It was a suicide that started it. They caught it on the evening news and then when it was re-showed the next morning on the local news in the motel near the Kentucky border. They'd come from a hunt, had stopped to spend the night, and the shower rotation had started. It was Sammy's turn and Dean was done so the only one left was Cas. While they packed up Dean had switched on the news and the story of the suicide began to play. Dean didn't pay much attention, doing a sweep to make sure nothing was left behind, but Cas had sunk down to sit on the end of the bed and give the screen his rapt attention. There was a young man, perched on the ledge of a bridge. He was screaming about wings, he was saying he could fly. Dean looked over when he heard what he thought was Enochian coming from the TV set, he looked over just in time to see the man jump. The camera, mercifully, didn't follow him all the way down. Cas leaned forward, pressed his fingertips to the screen.

Crap.

“Cas, was it an angel?” Dean asked quietly.
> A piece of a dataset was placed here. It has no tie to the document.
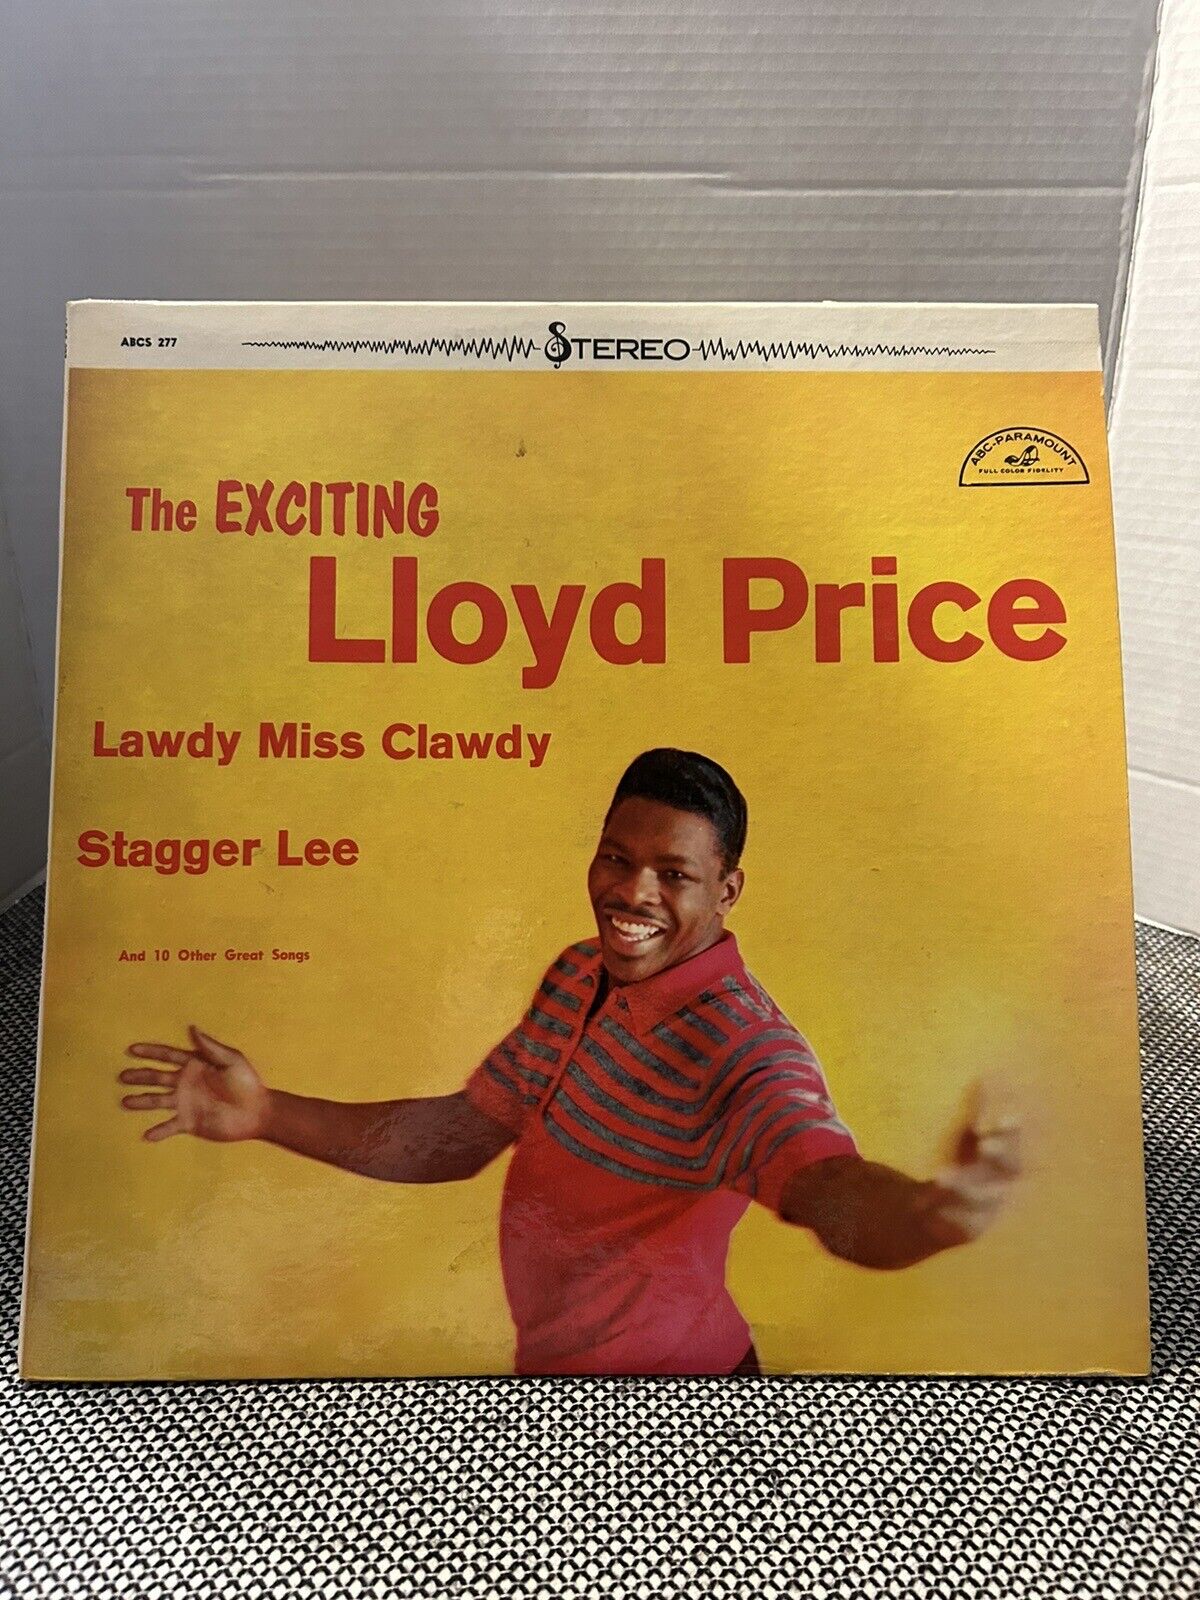 Lloyd Price - The Exciting Lloyd Price 1959 ABCS-277 1st Pressing Vinyl LP
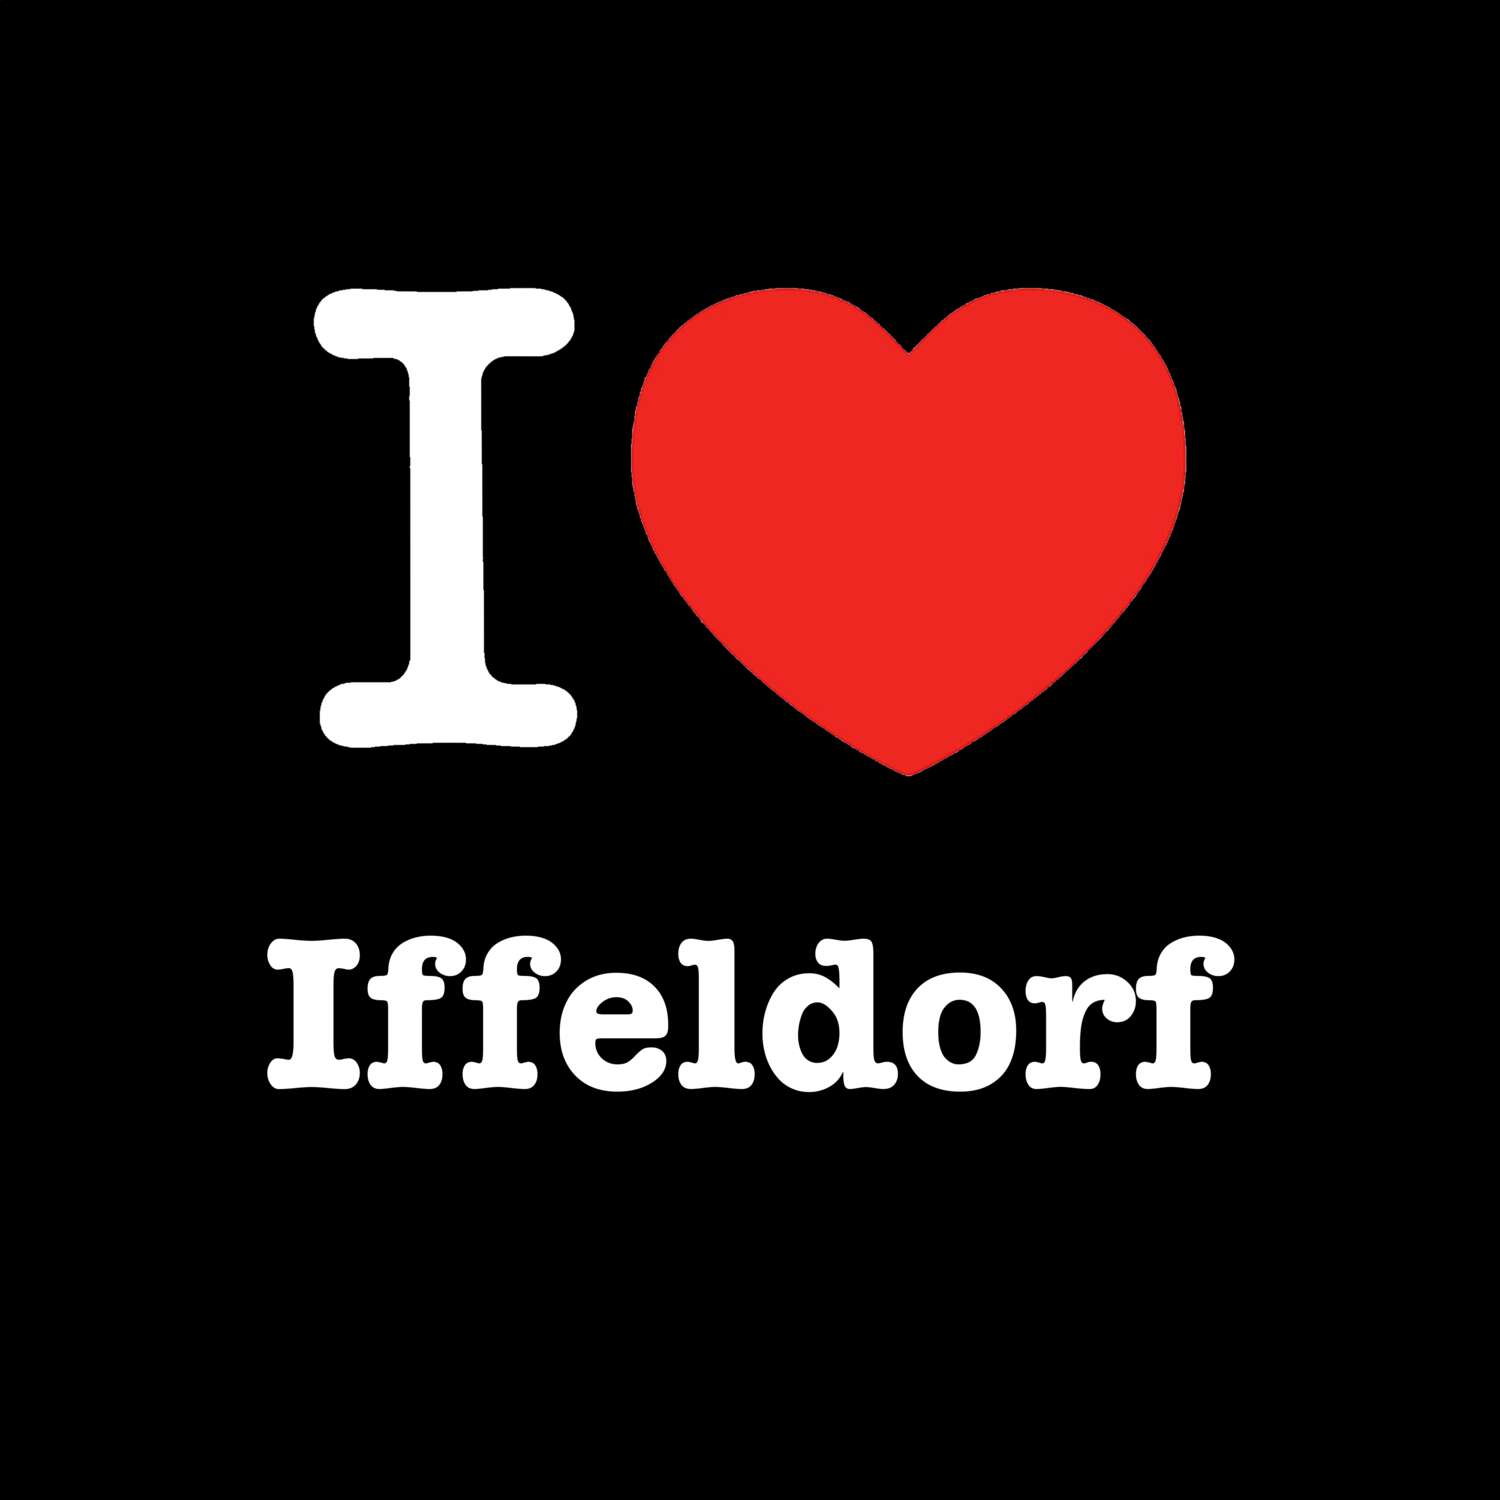 Iffeldorf T-Shirt »I love«

Cas didn't say anything. He got up, switched the TV off and grabbed up the nearest bag, ducked out the door with it. Dean watched him go, a bit uneasy, finally grabbing up his own bag to follow. Cas stood next to the trunk and Dean came over, keyed it open and they both threw their bags in, then Dean shut it.

“No shower?” it was the only conversation started he had at the moment.

“Do I stink?” Cas said listlessly, but playing the game he knew was expected of him.
“No, man, no, look ...” Dean leaned back against the trunk, folded his arms. “We're gonna run into it, in fact I'm kind of surprised we haven't run into anyone yet. I just wonder what that's going to be like — for you mainly. I mean, will they even know? Would they know us? Would they know you on sight now that you're not connected anymore? I guess, Cas, I'm asking what you want to do about it?”

“What can I do about it? So I guess I don't want to think about it, and least of all want to talk about it,” Cas said, looking up at him finally.

“Don't tell Sammy I said so, but we could do that,” Dean offered. “You and I, we can not talk about it until the cows come home. I can't promise for Sam.”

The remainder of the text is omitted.